Excerpted data:
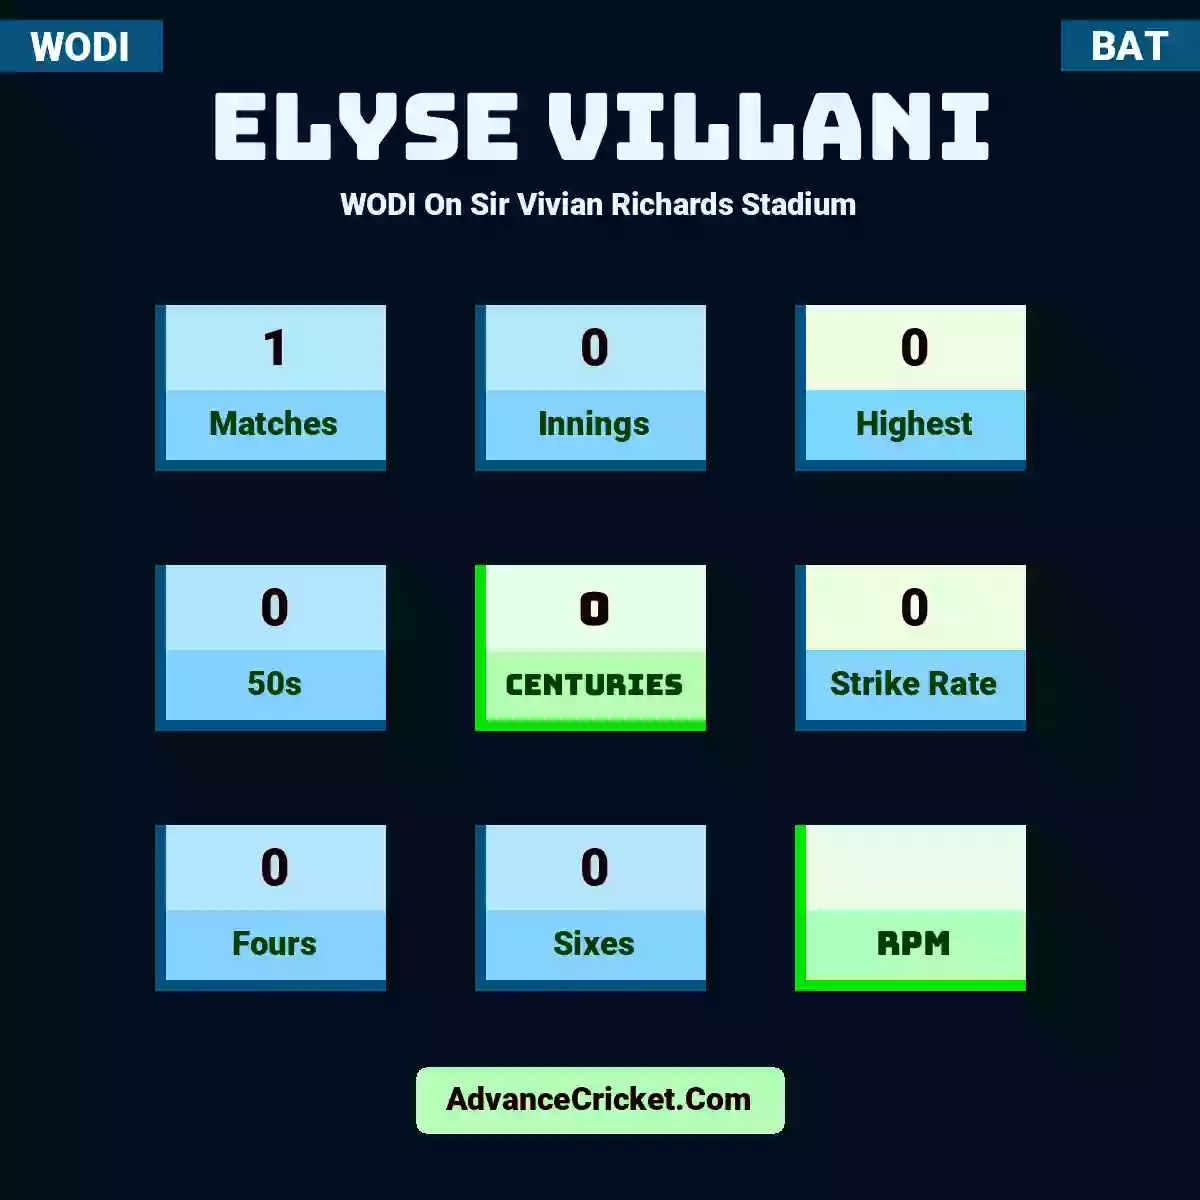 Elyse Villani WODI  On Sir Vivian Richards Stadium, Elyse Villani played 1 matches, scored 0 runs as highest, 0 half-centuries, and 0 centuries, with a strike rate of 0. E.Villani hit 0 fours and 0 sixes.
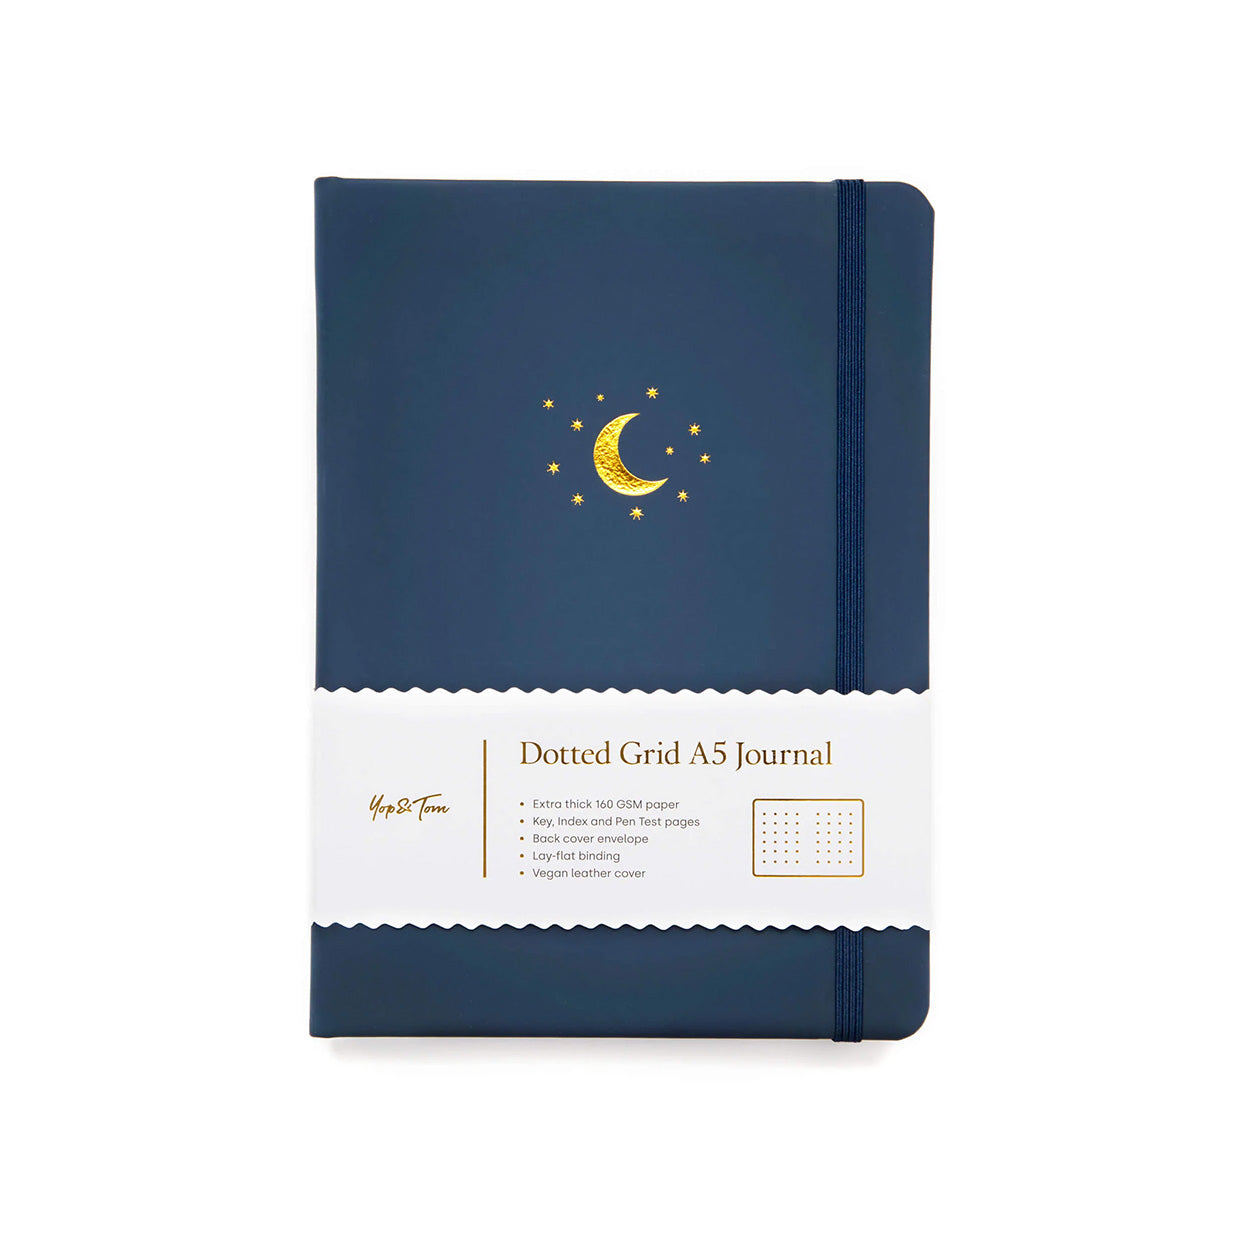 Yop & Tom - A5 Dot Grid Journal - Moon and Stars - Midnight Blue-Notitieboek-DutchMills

* * *

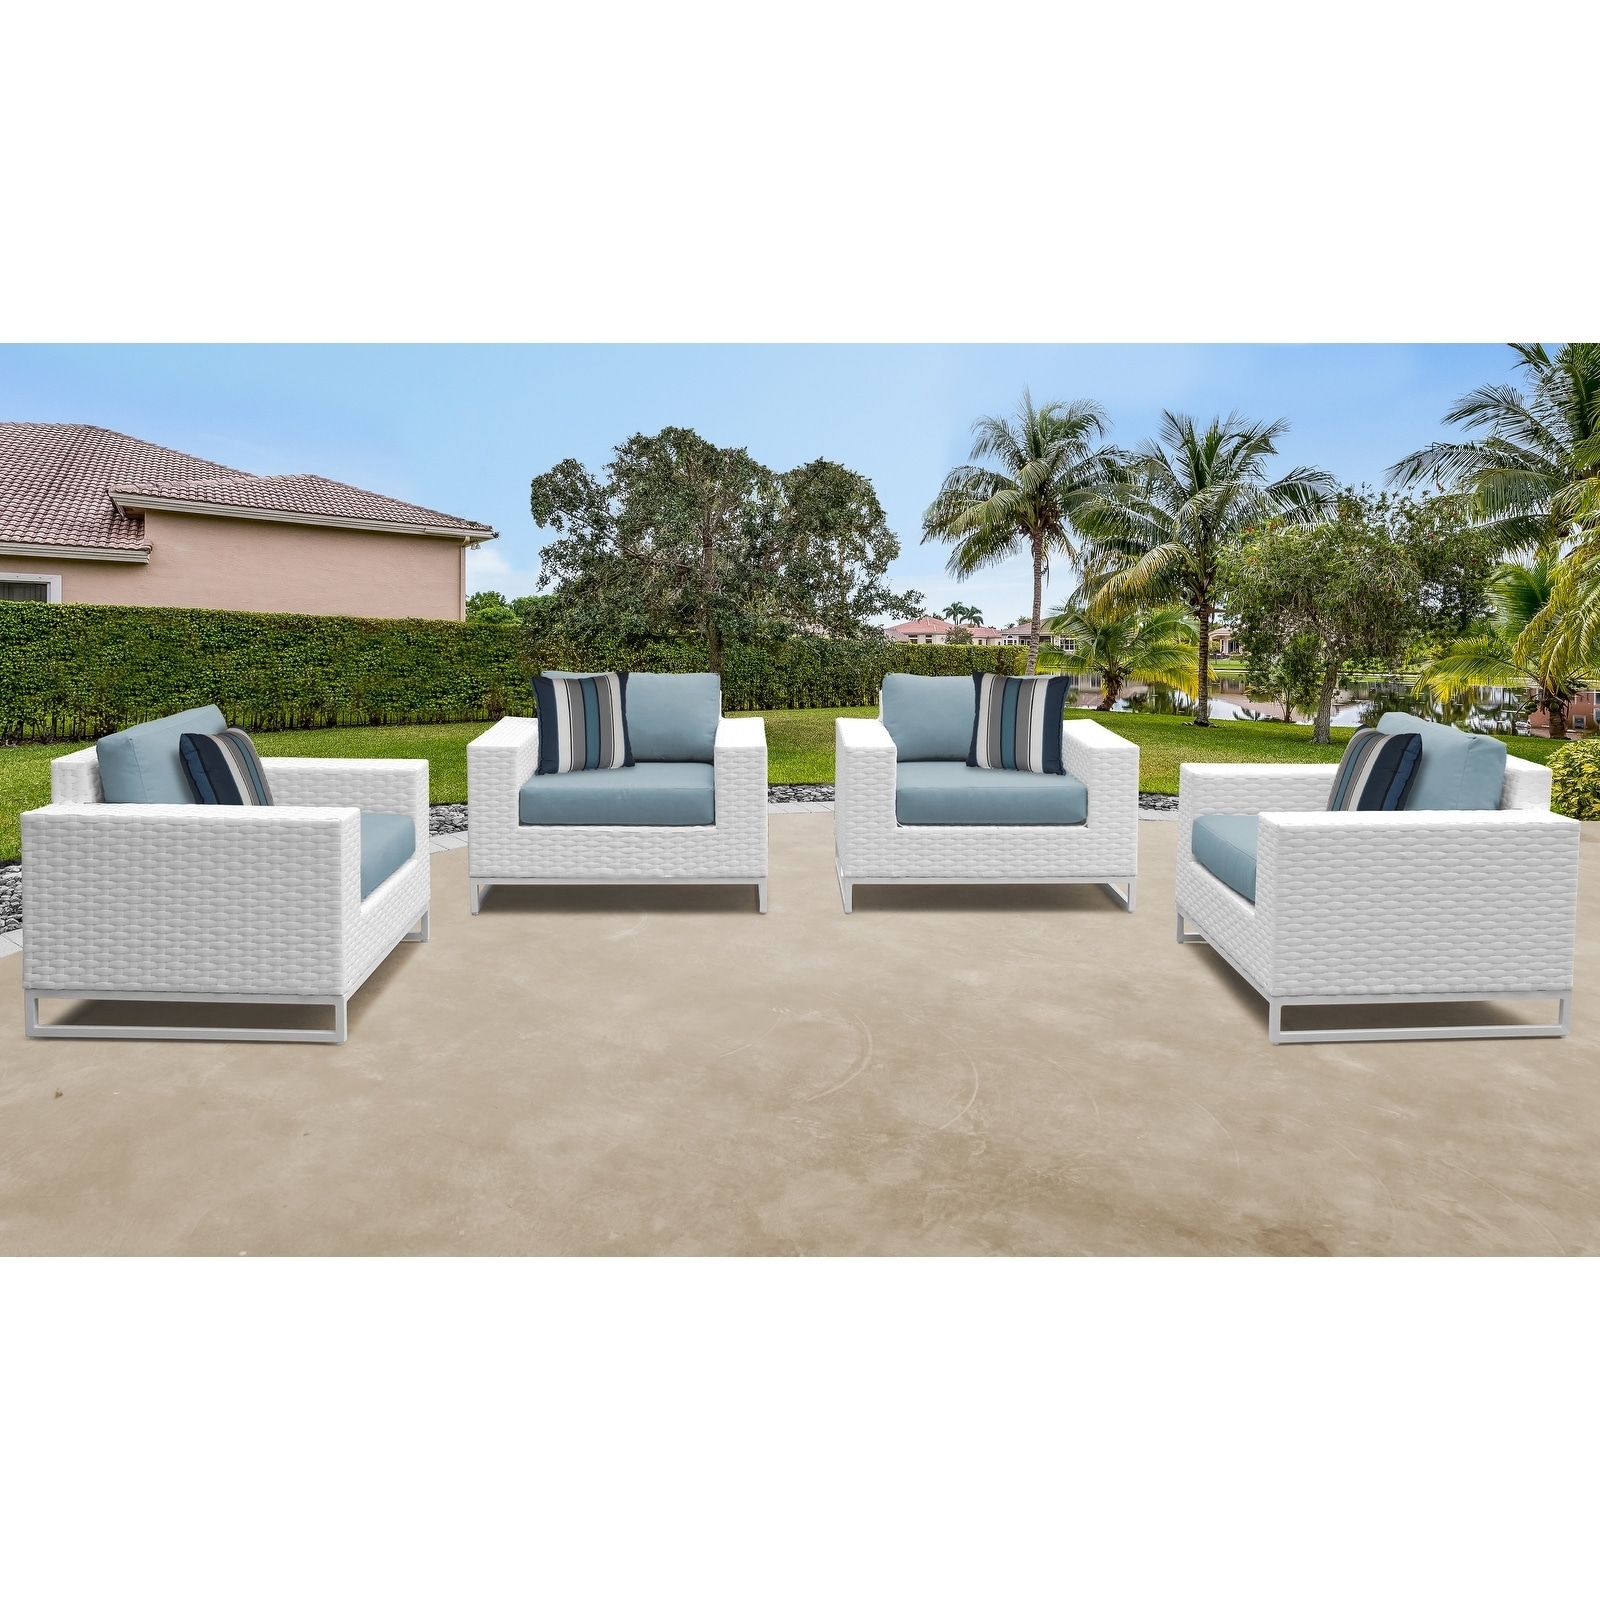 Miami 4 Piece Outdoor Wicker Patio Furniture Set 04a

---

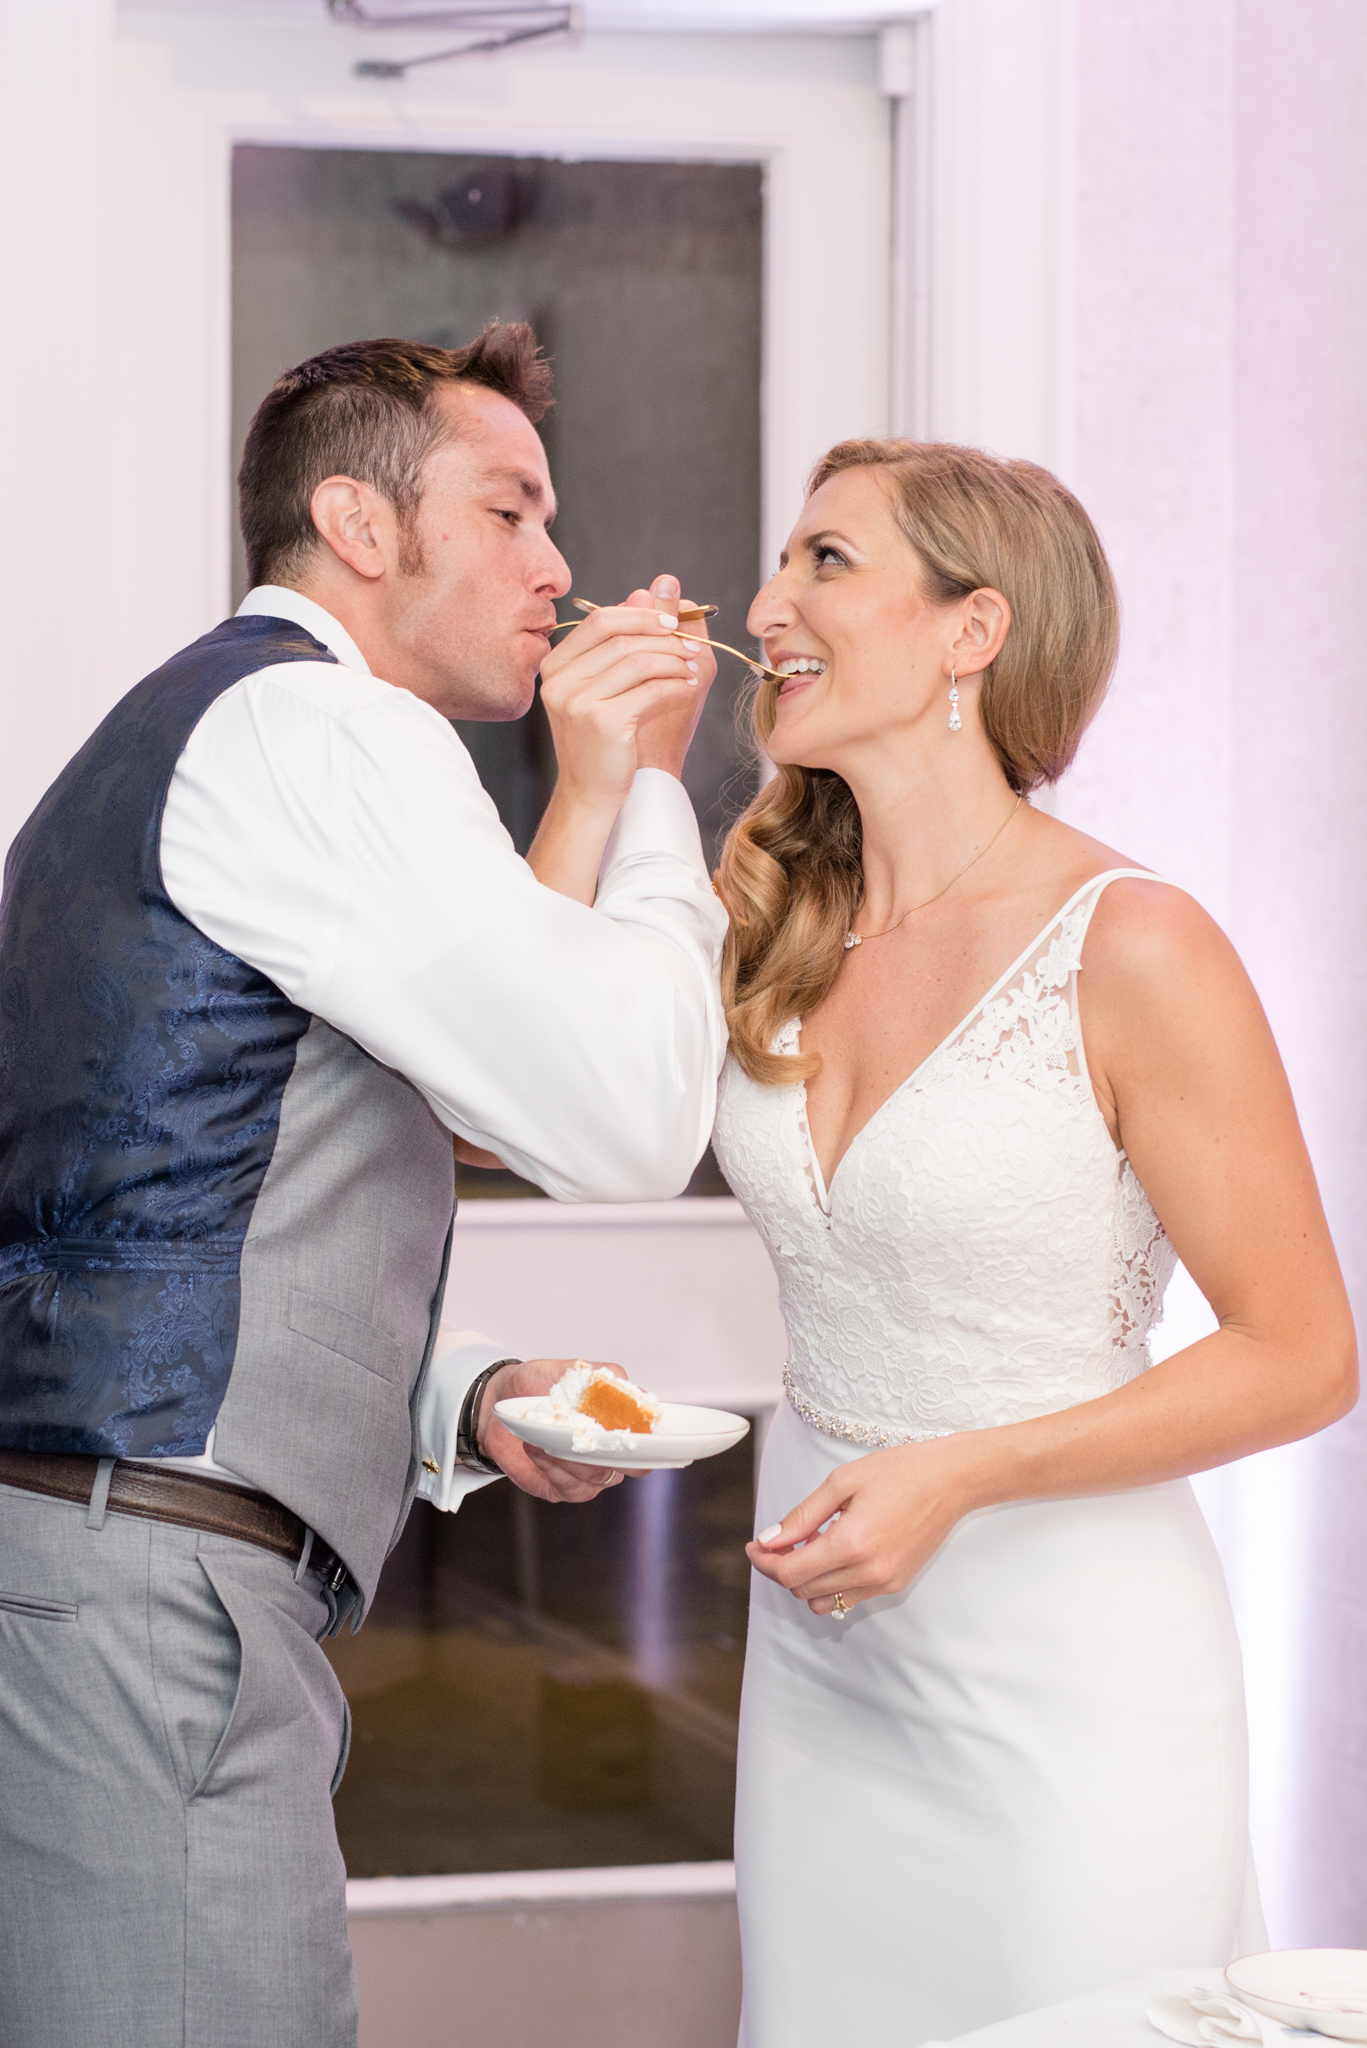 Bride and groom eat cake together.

Your assignment: Please copy out from the data above, without any picture, exactly the lines running from the one that holds "Elyse Villani WODI" through the one that holds "Yop & Tom - A5", and nothing beyond them.

Answer to the exercise:
 Elyse Villani WODI  On Sir Vivian Richards Stadium, Elyse Villani played 1 matches, scored 0 runs as highest, 0 half-centuries, and 0 centuries, with a strike rate of 0. E.Villani hit 0 fours and 0 sixes.
 Yop & Tom - A5 Dot Grid Journal - Moon and Stars - Midnight Blue-Notitieboek-DutchMills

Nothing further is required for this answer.